Les « favelas » ont une origine végétale. Il s’agit d’une plante qui pousse dans des conditions géologiques très difficiles. Malgré les accidents de terrain, elle croît généreusement de manière rhizomique. Le parcours de cette existence végétale nous ramène à la racine d’un soulèvement, qui fut l’objet d’un roman paru en 1902 : Hautes Terres – la guerre de Canudos.

L’auteur de ce roman, Euclides da Cunha, était parti au front de la guerre de Bahia qui opposait une communauté messianique et l’Armée de la République dans le but d’écrire une série d’articles pour un journal. Les insurgés avaient pour guide spirituel un prophète nommé Antonio Conselheiro. Avant la guerre, 25 000 personnes vivaient à Canudos. Parmi elles des agriculteurs, quelques personnes issues de l’esclavage, ou des déplacés qui avaient construit une communauté autour de ce nouveau prophète. Mais cette vie communautaire est bien vite devenue une menace pour les propriétaires de la région.

La communauté entra en conflit avec l’État suite à la non réception du bois que les habitants de Canudos avaient acheté – et payé – pour la construction d’une église. La communauté organise alors un groupe armé pour récupérer le bois auprès des commerçants. La police locale tente de les arrêter, mais échoue devant leur nombre. Suite à cet événement, la police demande l’aide de l’Armée républicaine.

Installée sur place pour combattre les rebelles, l’Armée de la République se regroupe sur une colline plantée d’habitations précaires qui formaient comme un labyrinthe nommé Favela ou Morro da Favela (Colline de Favela). Comme sur un front de guerre, les soldats ont vécu là-bas pendant le temps du conflit, entre 1896 et 1897. Une fois la guerre de Canudos terminée, la majorité des anciens combattants est retournée à Rio de Janeiro, mais seules les collines de la capitale étaient encore habitables. Pour faire face aux difficultés économiques, les ex-militaires ont reproduit le mode de vie de Canudos : la favela. Ce sont donc eux, ces militaires qui avaient participé au massacre de la communauté messianique, qui sont devenus les nouveaux « misérables ».

Cet épisode est ainsi décrit par Euclides da Cunha : « Au sud, les cimes de la Favela se fermaient devant elle, en regorgeant de blessés et de malades. Vers le nord et le levant, s’étendait le désir impénétrable. Apparemment, son champ d’action avait augmenté. Deux campements distincts semblaient jouir d’une plus grande liberté de mouvement, délivrés du cercle étouffant des tranchées. Mais cette illusion se dissipa le jour même de l’assaut. Balayés quelques heures auparavant par des charges à la baïonnette, les monts étaient de nouveau garnis de jagunços2. Les communications avec la Favela se révélaient aussitôt difficiles. Les blessés, qui s’y traînaient, étaient à nouveau touchés par les balles ; et un médecin, le Dr Tolentino – qui était descendu de la Favela dans l’après-midi –, fut atteint et grièvement blessé, sur le bord de la rivière. Les conquérants avaient toutes les peines du monde à traverser le terrain conquis.
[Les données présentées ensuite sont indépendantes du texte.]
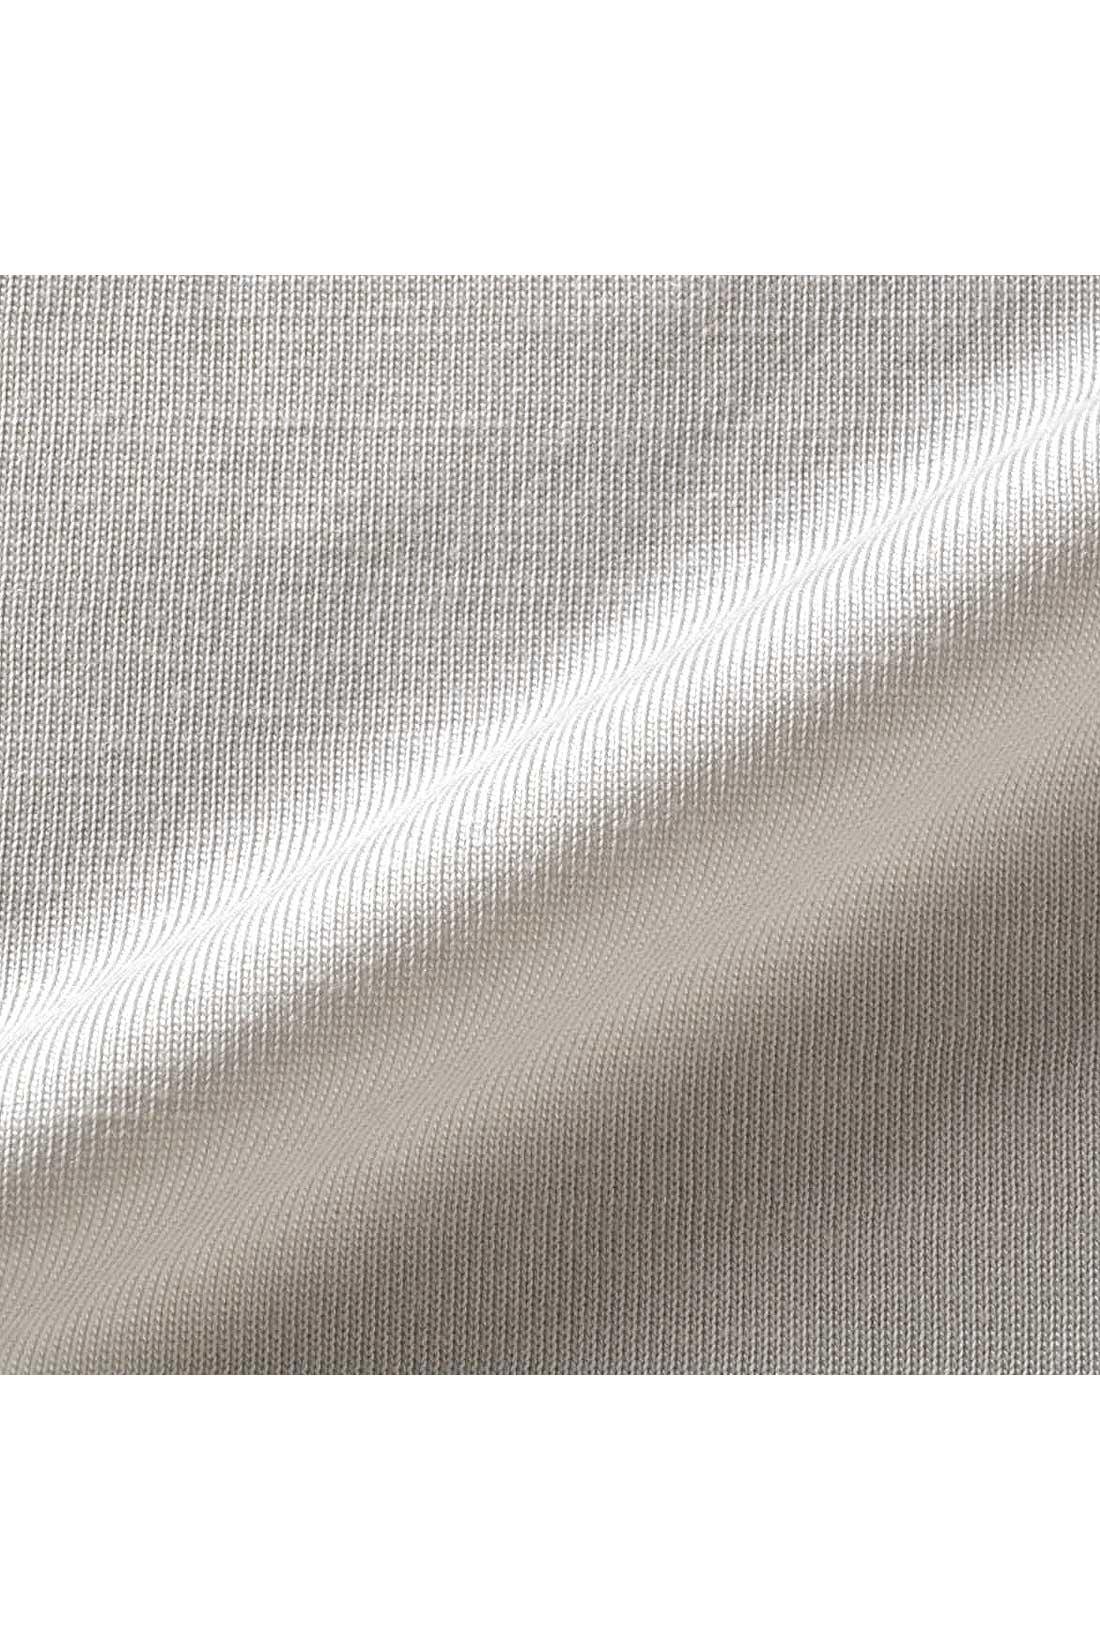 上質なテンセル(R)混素材のカットソーは肌にしっとり寄り添うやわらかさ。

Par ailleurs, les soldats qui avaient envahi cette partie réduite du village imitaient, point par point, les jagunços qu’ils avaient observés auparavant. Comme eux, ils s’entassaient dans les masures brûlantes comme des fours, sous la réverbération des midis étouffants, et ils restaient là, immobiles, de longues heures durant, tombant dans le même travers scandaleux de la guérilla d’embuscades : ils collaient leurs faces contre les fentes des murs, scrutaient l’amas des maisons, et tiraient, tous en même temps – cent, deux cents, trois cents tirs! –, contre une silhouette ou contre un simple chiffon entrevu au loin, indistinct et furtif, dans le tourbillon des ruelles. »3

Les chiffons ou le mouvement des silhouettes contre lesquels se battaient les soldats ont été incorporés par Helio Oiticica qui en a fait le cœur de son œuvre.

 

 

Les favelas et les parangolés d’Oiticica : soulèvements de la forme et de la matière.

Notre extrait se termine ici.